Don’t want to measure out messy liquids? Water filtration can be as simple as adding disinfection tablets to your water. Using portable Aqua iodine tablets is a simple disinfectant strategy that renders water ready to drink within 35 minutes, but be warned that the pills only last a year before expiring. Some people also find that they taint the taste of the water in unpleasant ways. Another option is to use chlorine dioxide tablets, which react with water to disinfect it. After you add a tablet to a quart of water, it needs to sit for four hours to thoroughly treat it.

7. Boil the Water

Forget the high-tech equipment; one time-tested strategy for rendering water safe to drink is to boil it. While high heat conditions can’t evaporate all chemical pollutants contained within the water, five minutes of a rolling boil will kill the vast majority of dangerous pathogens, making it one of the safest ways to treat it. You can boil water over a campfire or a camp stove, and if you don’t have a heatproof container handy, you can heat rocks within a fire for half an hour before adding them to a water container to cook the bad microbes from the inside out. Just avoid using quartz, as it could explode in the heat.

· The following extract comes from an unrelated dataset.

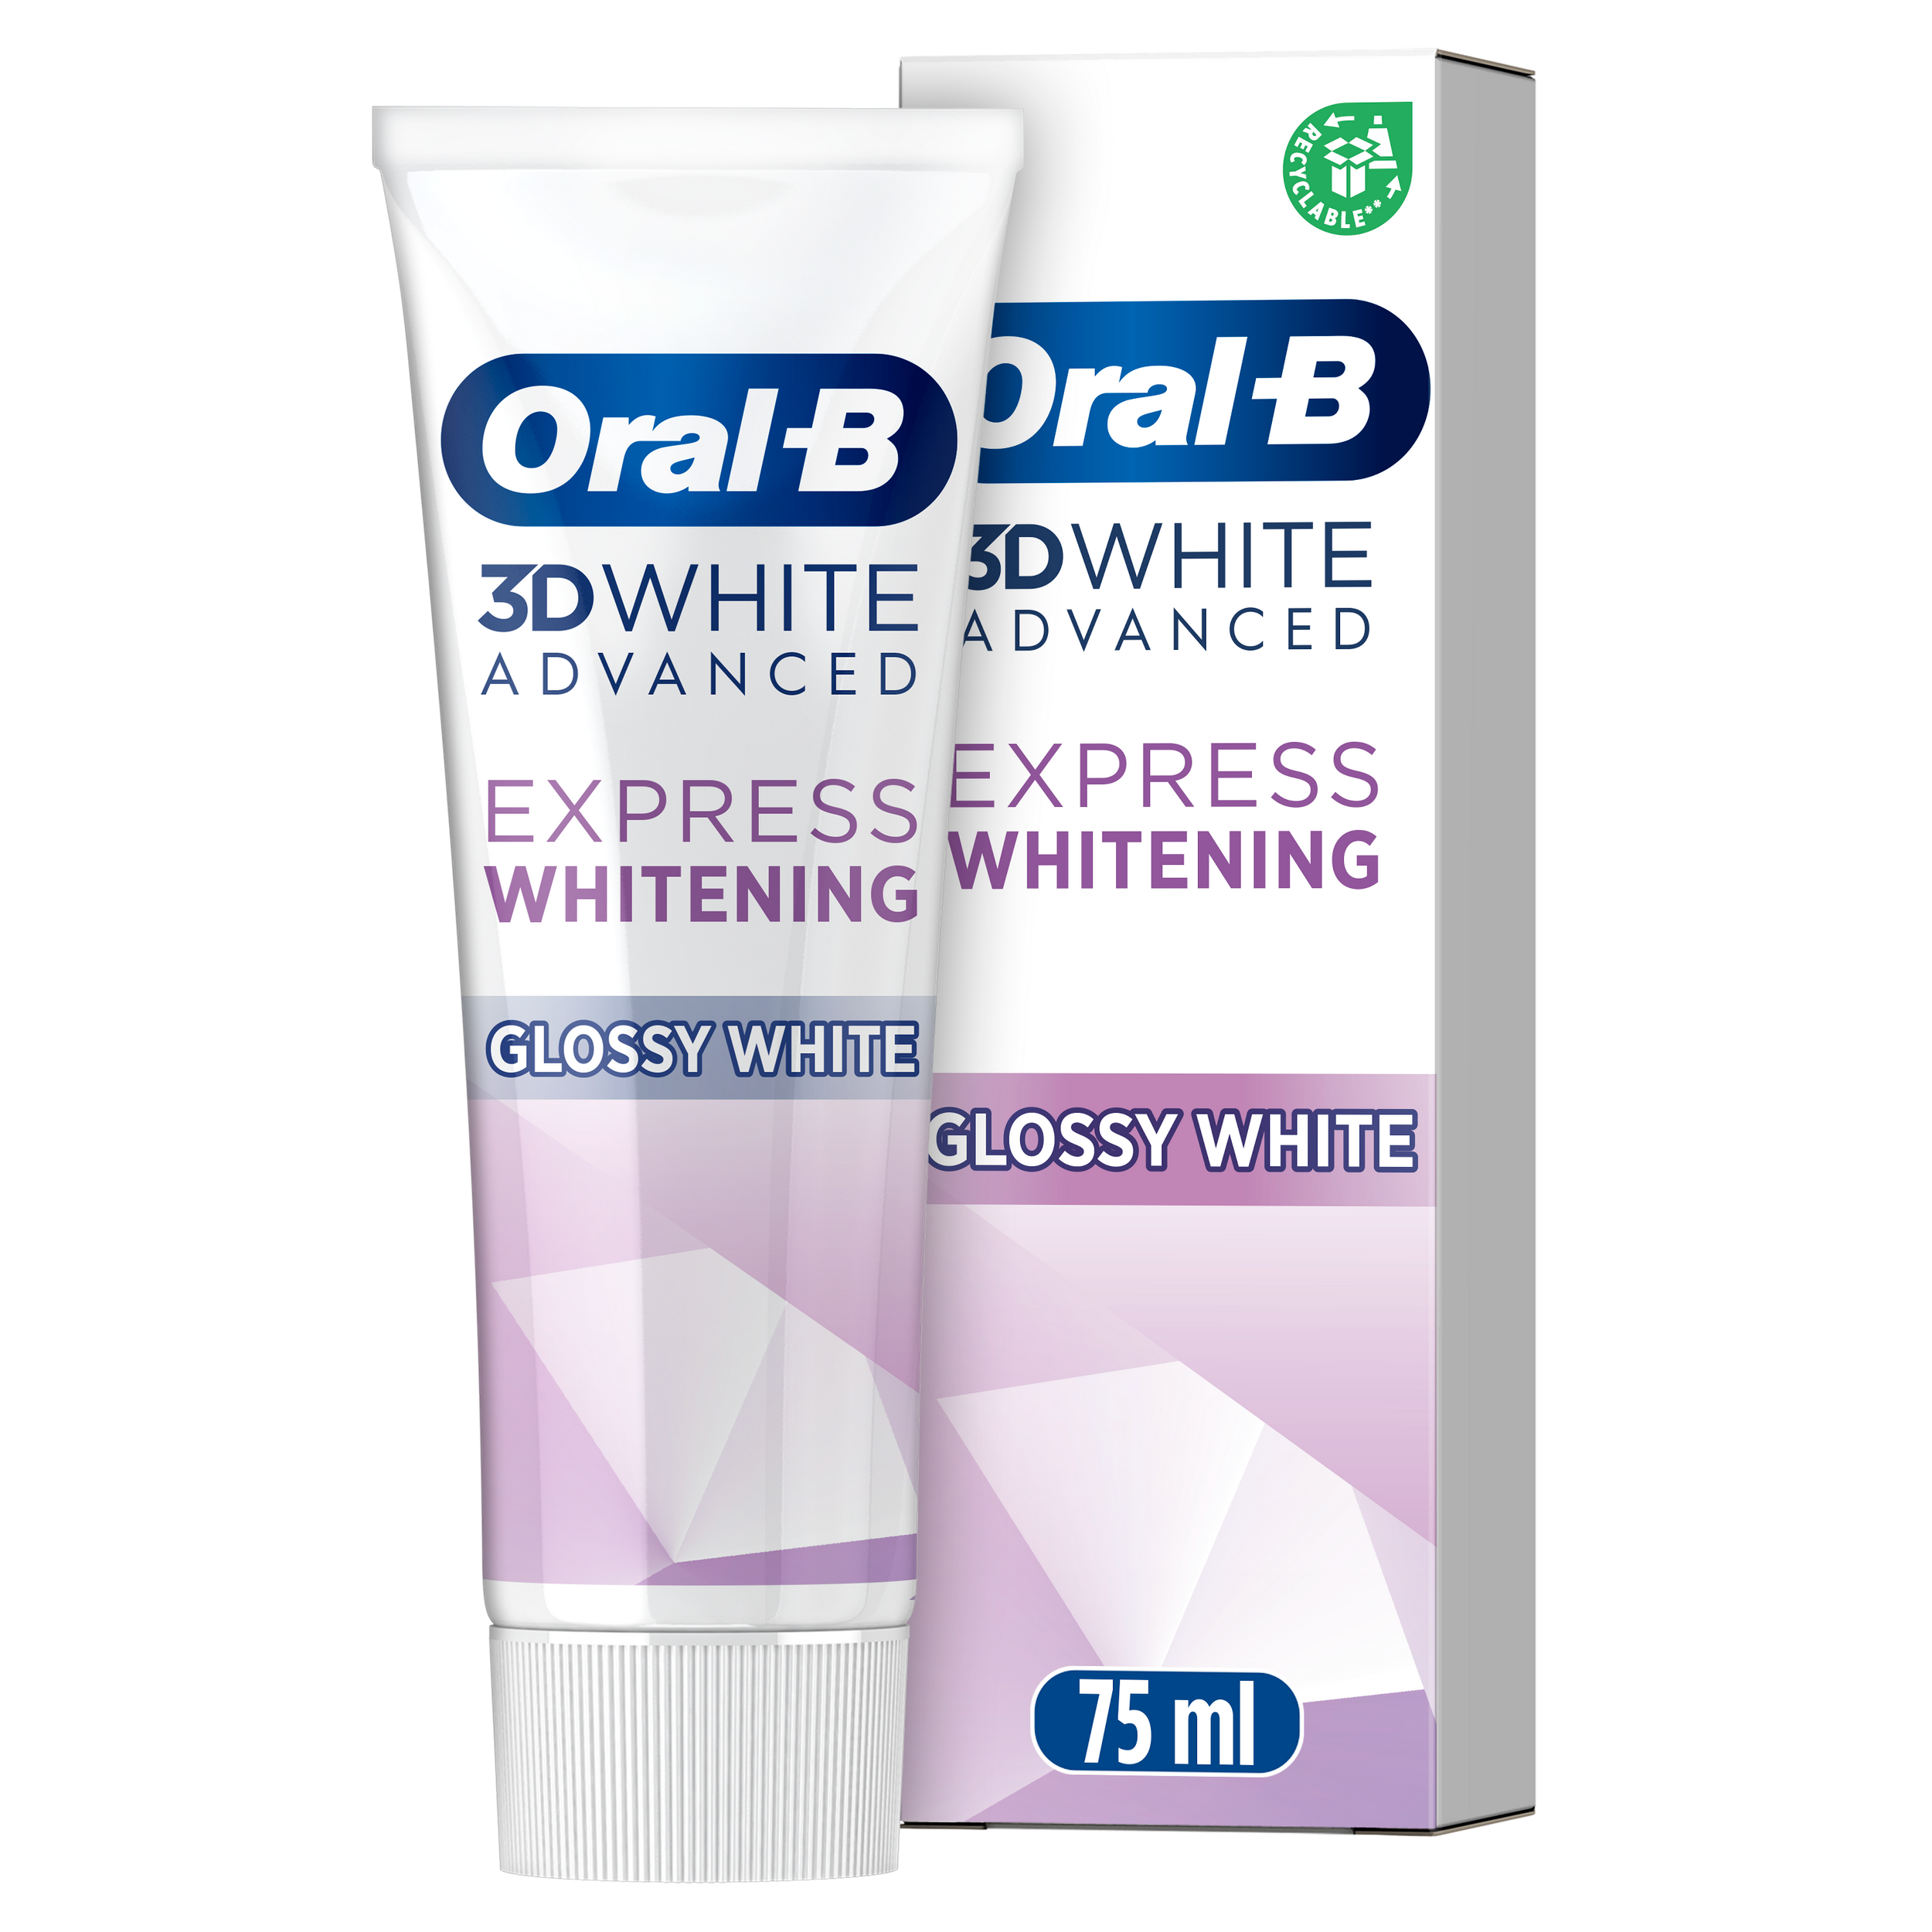 ORAL B 3D WHITE EXPRESS WHITENING GLOSSY WHITE TOOTHPASTE 75ML

8. Practice Portable Distillation

If you’re dealing with water that’s been so severely compromised by disaster conditions that it might destroy your water filter if you try to purify it, the only option might be to distill it. This removes lead, salts, heavy metals, and even radiation from the water, leaving you with a safer substance to drink. However, distillation is not 100% effective, as it won’t eliminate certain organic compounds or volatile oils. Distillation works by heating water into steam that is then captured and cooled back into cleaner water. You can keep a portable distiller on hand for emergency situations, or build one in a pinch with a pressure canner and small diameter copper tubing. Instructions for getting started are here.

When All Else Fails, Should You Drink Untreated Water?

If you’re out of options for purifying water, is it better to sip it straight from the source or go thirsty? Drinking raw water is a gamble no matter where it comes from, as even pristine-looking wilderness water can be host to dangerous bacteria. For this reason, you always need to weigh the risk before drinking it. If your health is more immediately compromised by going without, it’s a smart idea to drink up. After all, staying alive and sick to your stomach is always better than dying from dehydration.

A better option? Avoid this situation altogether by ensuring that you’re always prepared to purify your own water if the situation calls for it. The practice might just save your life.